The three staging tables are defined in the staging.yml file located in the models/staging folder, and serve as intermediary storage for incoming raw data. They perform initial transformations on the source tables such as column selection, column renaming, data type casting, as well as basic filtering to prepare the data for downstream processing. All of the staging models are configured to be incremental, allowing dbt to select only newly appended rows based on the _airbyte_extracted_at field and insert them into the appropriate table.

Staging table with incremental materialization template:

{{
    config(
        materialized="incremental",
        incremental_strategy='append'
    )
}}

select
    _airbyte_extracted_at::timestamp_ntz as extracted_at

from 
    {{ source_table_name }} 

{% if is_incremental() %}
    where extracted_at > (select max(extracted_at) from {{ this }} )
{% endif %}

The final serving tables are defined in the serving.yml file located in the models/serving directory, where the models are organized into fact and dimension tables.

The dim_dates (generated by the calogica/dbt_date package and with a grain in days) and dim_times (generated through custom SQL code and with a grain in seconds) are meant to be built only once and persisted in the data warehouse. Since these tables are auto-generated and have not been tested in previous layers, thorough testing is once again performed against these models to ensure the integrity of each of their data records. The dim_dates dimension by itself carries 93 different data quality tests.
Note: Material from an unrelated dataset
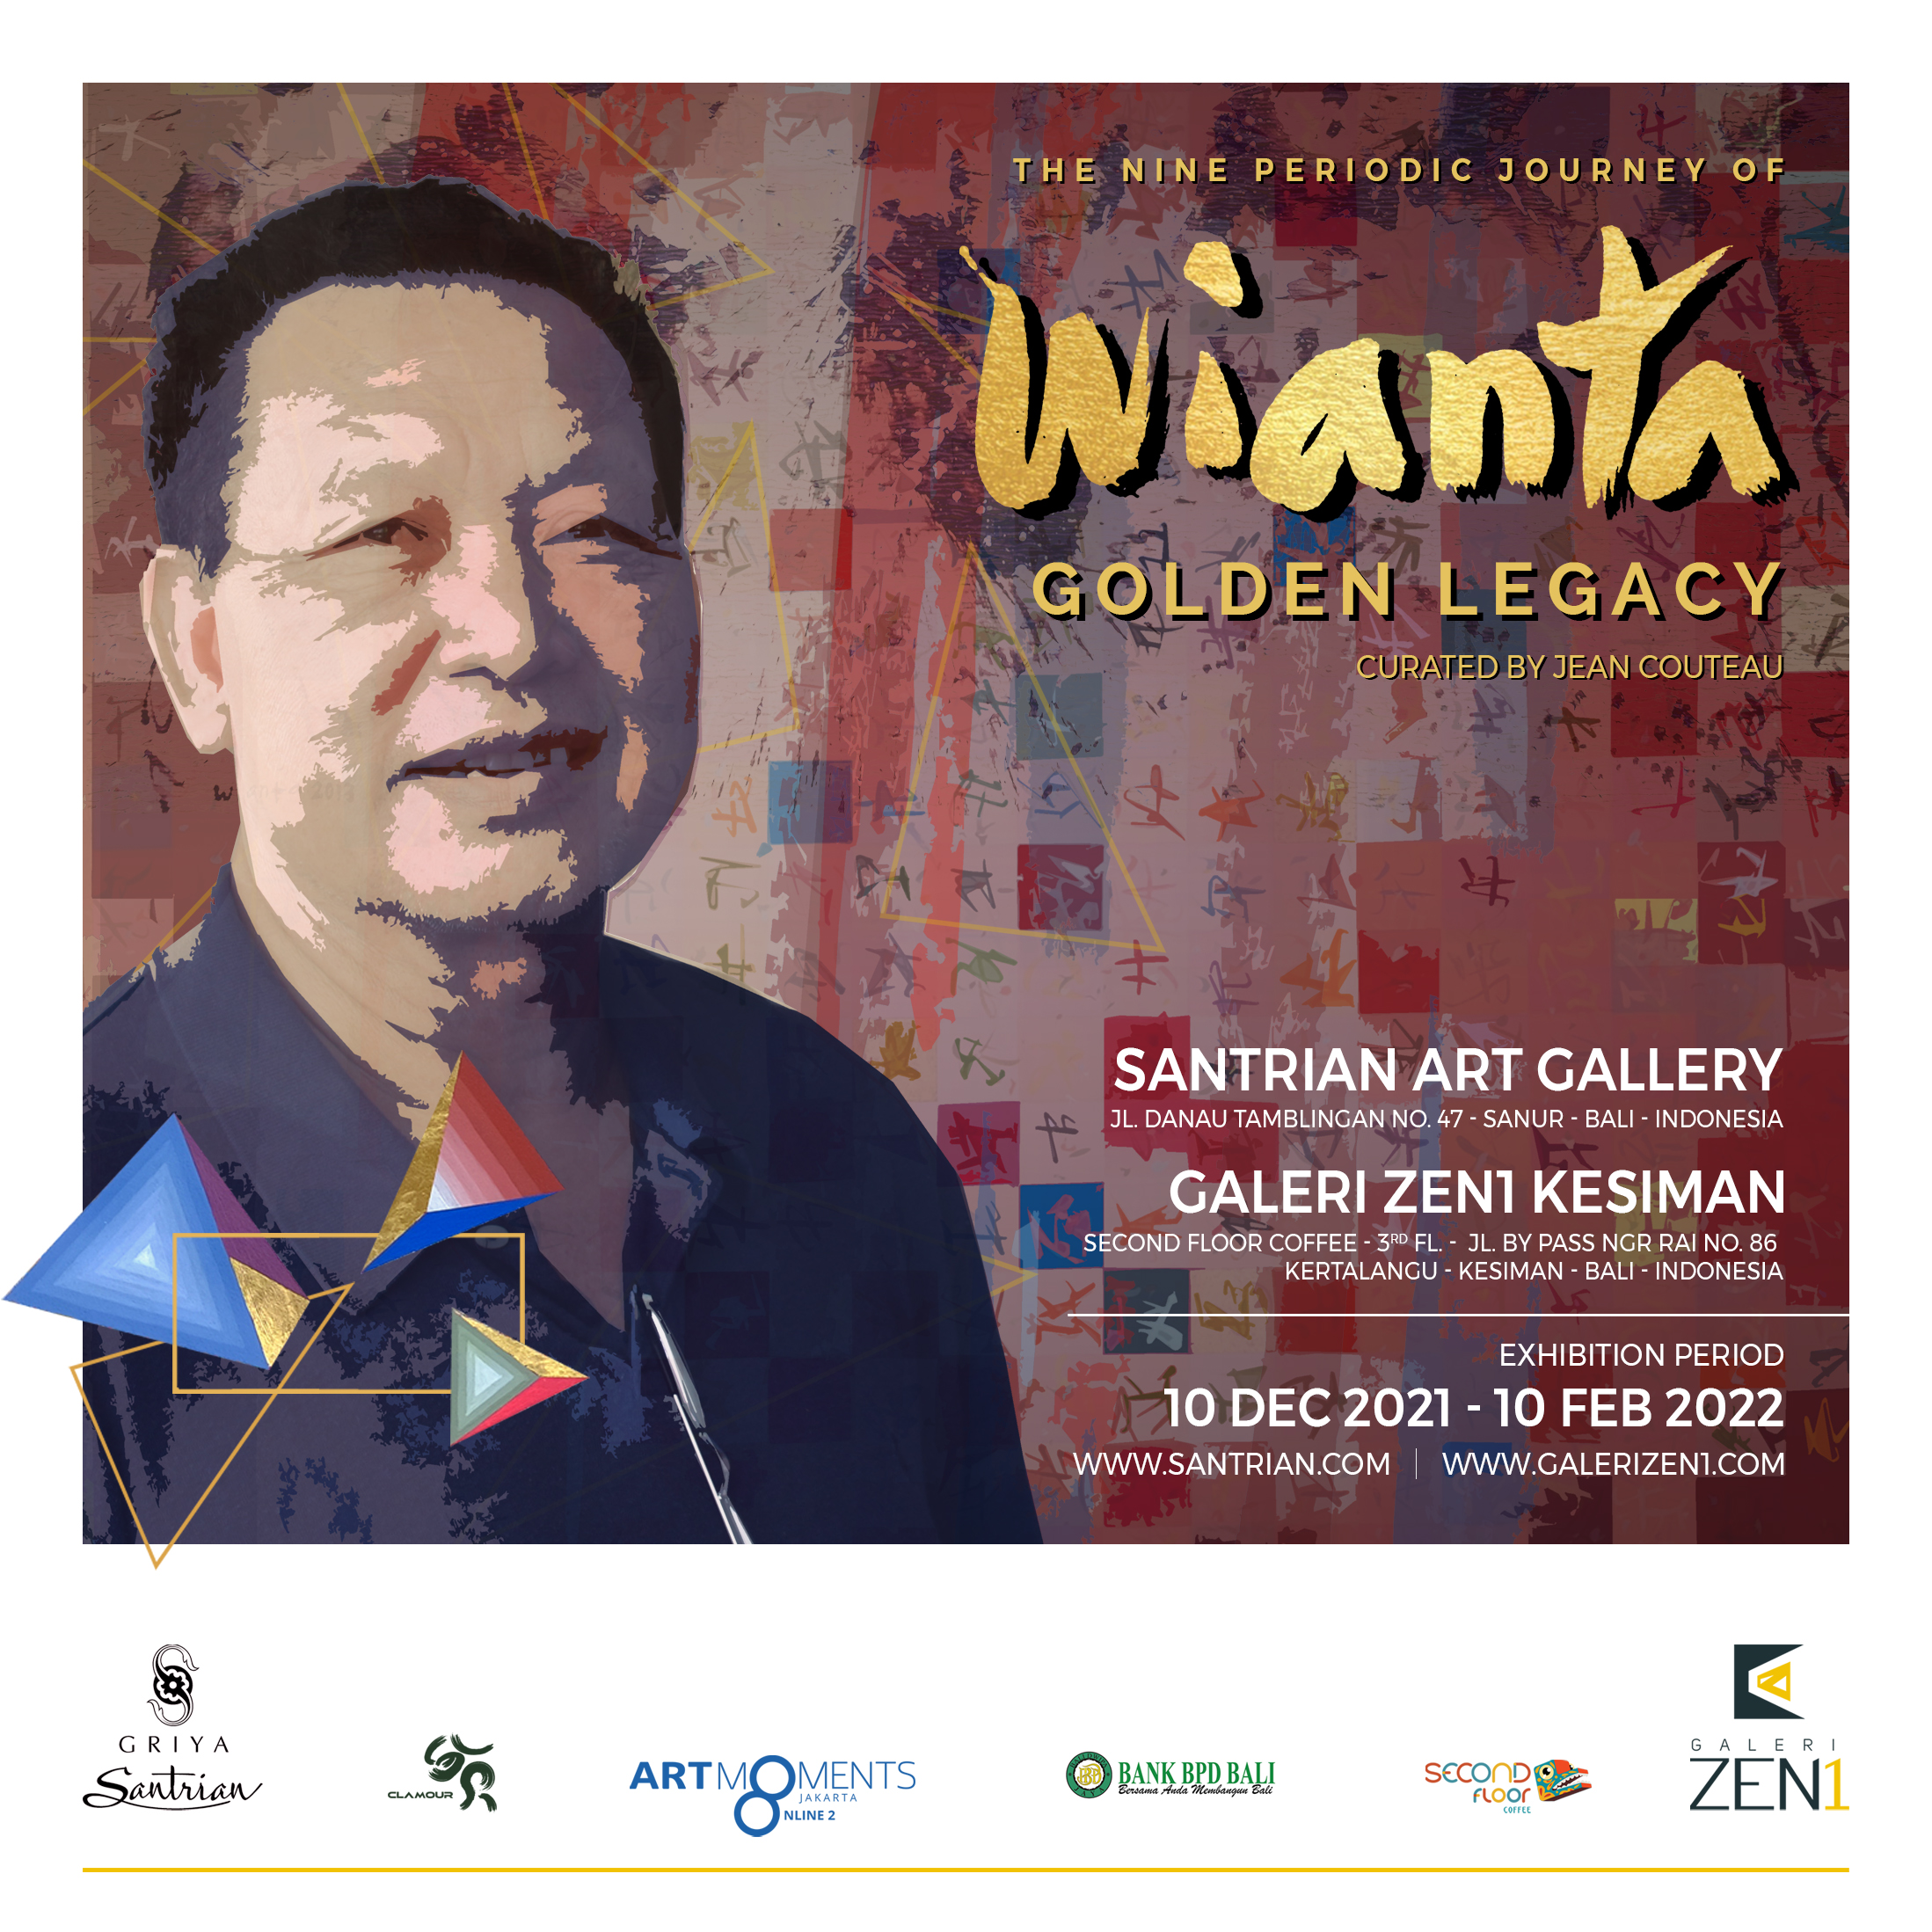 The Nine Periodic Journey of Made Wianta – Golden Legacy

Thus, to not run the tests each time when testing other models (due to compute costs), it is advisable to use the dbt --exclude flag:

  • dbt build --exclude "dim_dates" "dim_times"
  • dbt test --exclude "dim_dates" "dim_times"

The dim_users and dim_activities dimension tables are extensions of their staging counterparts, with the addition of a surrogate key for each record as well as SQL logic to implement both models as Type 2 Slowly Changing Dimension (SCD) tables. This is achieved by creating start_date and end_date fields (with the help of Airbyte CDC-generated columns) that serve to capture the validity period of each record, enabling historical tracking of changes over time. All currently active records have an end_date value of NULL.

The fct_heart_rates fact table contains each heart rate transaction record, but can only declare the corresponding user and activity IDs from the OLTP database, and not to the surrogate key that maps to the relevant version of each business key. Therefore, a join has to be performed to map the record to its appropriate surrogate key, which is achieved by verifying if the heart rate event timestamp (event_datetime) is between the start_date and end_date fields of the ID record.

{{
  config(
    cluster_by=['event_date'],
    ...
  )
}}

The above clustering key configuration is additionally applied to the fct_heart_rates table in order to group records with the same event_date column within the Snowflake same micro partition. As the fact table is meant to eventually contain millions if not billions of rows, a clustering key needs to be added to optimize query performance for our analysts (who will most likely want to order or filter the heart rate data for specific dates or date ranges).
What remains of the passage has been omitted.